Intelligence
Reactor Technology Library
Five distinct technology bets competing for deployment
SFR
Sodium-Cooled Fast Reactor
SFRs use liquid sodium metal as coolant instead of water, operating at ~500°C. The fast neutron spectrum means these reactors can actually consume the long-lived radioactive waste from conventional reactors as fuel — a fundamentally different relationship with the nuclear fuel cycle. Russia has operated SFRs commercially for decades. The US has not operated one since the 1990s.
Can burn actinides from spent fuel — closes the nuclear fuel cycle. Breeds its own fuel.
Liquid sodium reacts violently with water and air. No existing commercial handling infrastructure in the US.
HTGR
High Temperature Gas-Cooled Reactor
HTGRs use helium gas as coolant, achieving the highest operating temperatures of any reactor type — up to 950°C. This makes them uniquely valuable for industrial applications that need high-temperature process heat: hydrogen production, steel manufacturing, chemical synthesis, desalination. The pebble bed design circulates TRISO fuel spheres continuously through the reactor, enabling online refueling. China currently operates the world's first commercial pebble bed HTGR.
Highest operating temperatures of any reactor type — enables hydrogen production and industrial decarbonization at scale.
TRISO fuel not yet at commercial scale. Helium coolant supply concentrated in Qatar — Strait of Hormuz geopolitical exposure.
FHR
Fluoride Salt-Cooled High Temperature Reactor
FHRs combine two advanced technologies: fluoride salt coolant and TRISO particle fuel. The molten salt operates at 600-700°C — hot enough to produce industrial process heat for hydrogen, steel, and chemical production. The TRISO fuel is physically incapable of melting, providing passive safety. The critical challenge: the Flibe coolant requires isotopically separated Lithium-7, which has no Western commercial supplier.
Very high operating temperatures enable industrial heat applications beyond electricity. Inherently safe TRISO fuel.
Flibe coolant requires Lithium-7 with zero Western commercial suppliers. Most acute supply chain gap in advanced nuclear.
LWR-SMR
Small Modular Light Water Reactor
LWR-SMRs apply the same proven physics as every commercial reactor built since the 1950s, scaled down to 50-300 MWe for factory fabrication and modular deployment. The core insight: build them in factories like airplanes instead of constructing them on-site like buildings. This should reduce cost and construction risk. NuScale and GE Vernova are the primary US competitors in this category, though NuScale's first project (UAMPS) was cancelled due to cost escalation.
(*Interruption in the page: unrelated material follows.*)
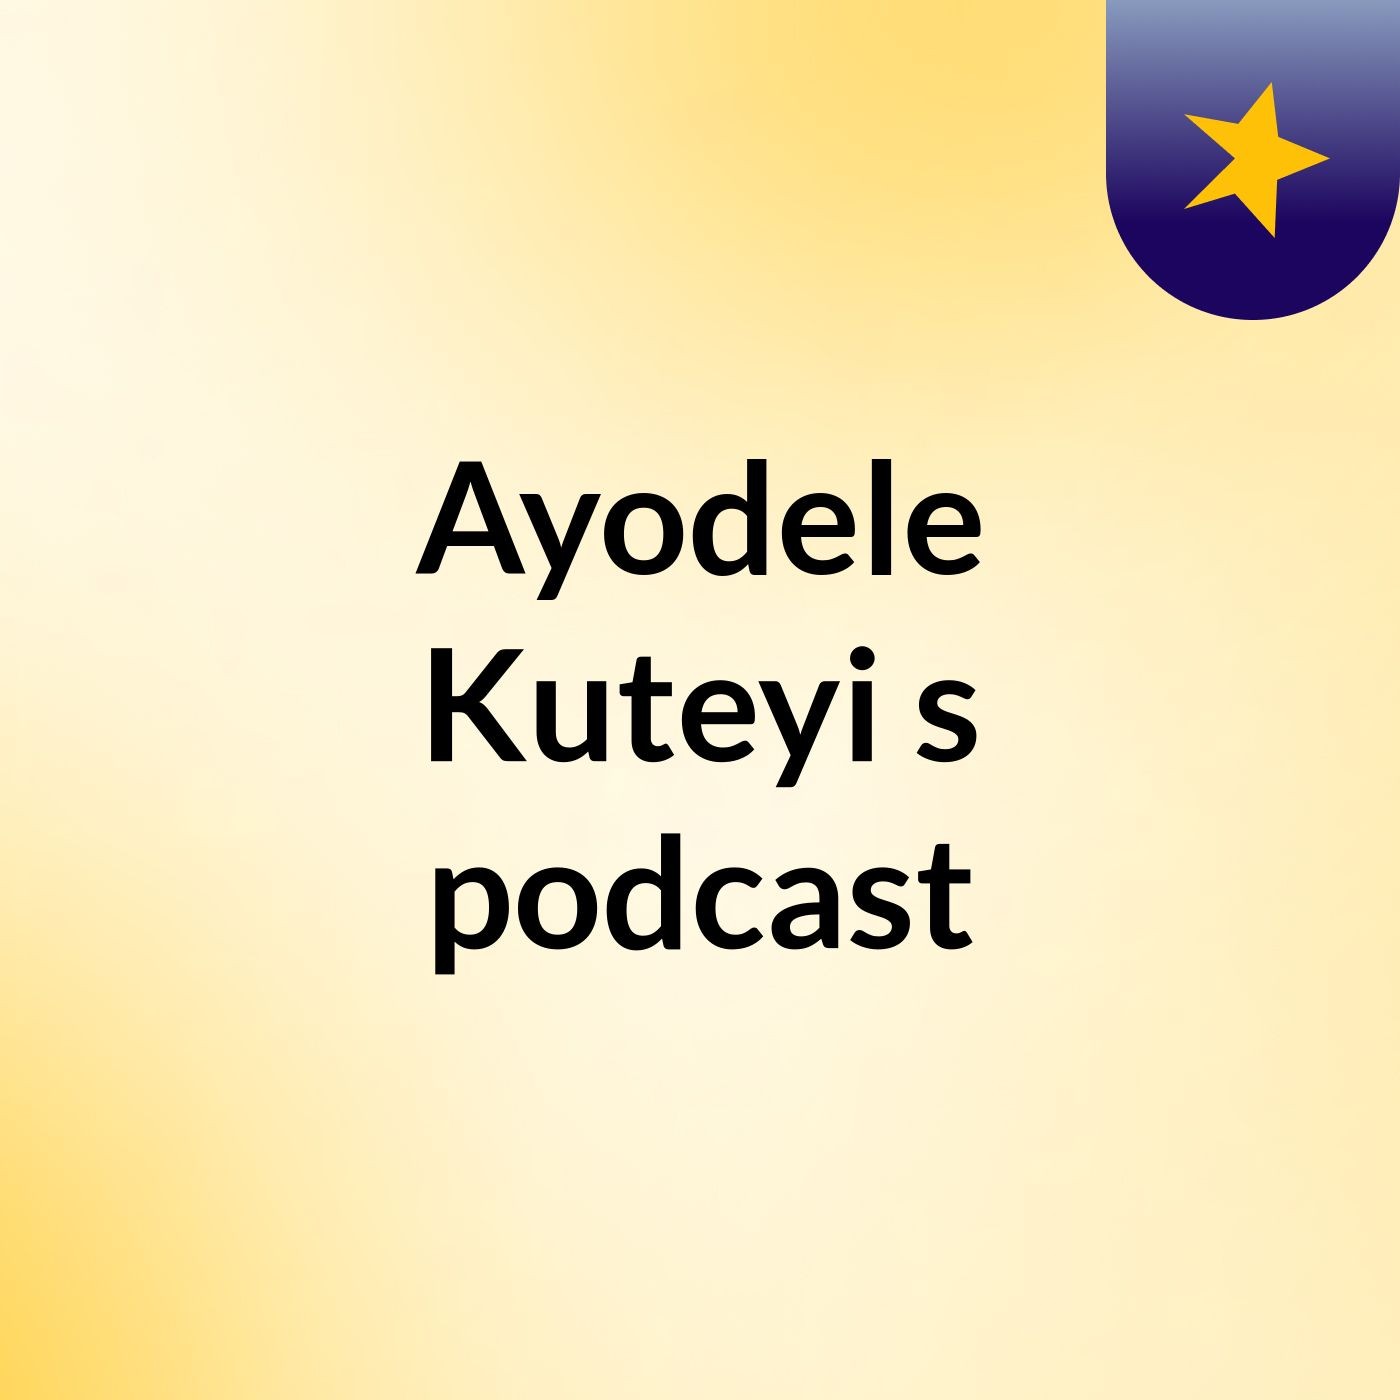 Episode 3 - Ayodele Kuteyi's podcast

Proven physics, established fuel supply chain, fastest regulatory path. Factory-built for cost reduction.
Least differentiated commercially — competes directly with natural gas and renewables on pure economics. Scale disadvantage vs large LWRs.
μRX
Microreactor
Microreactors are the smallest class of nuclear technology — typically 1-20 MWe, designed to be transported on a single truck, deployed without heavy construction equipment, and operated remotely with minimal staffing. They target markets that large reactors fundamentally cannot serve: Arctic research stations, military forward operating bases, remote mining operations, and increasingly, data centers requiring reliable off-grid power. Oklo's Aurora is the leading US design, followed by Radiant and Last Energy.
Deployable anywhere — remote communities, military bases, disaster response, data centers. Completely factory-built.
HALEU fuel dependency. Extremely small output limits addressable market. Unit economics unproven at commercial scale.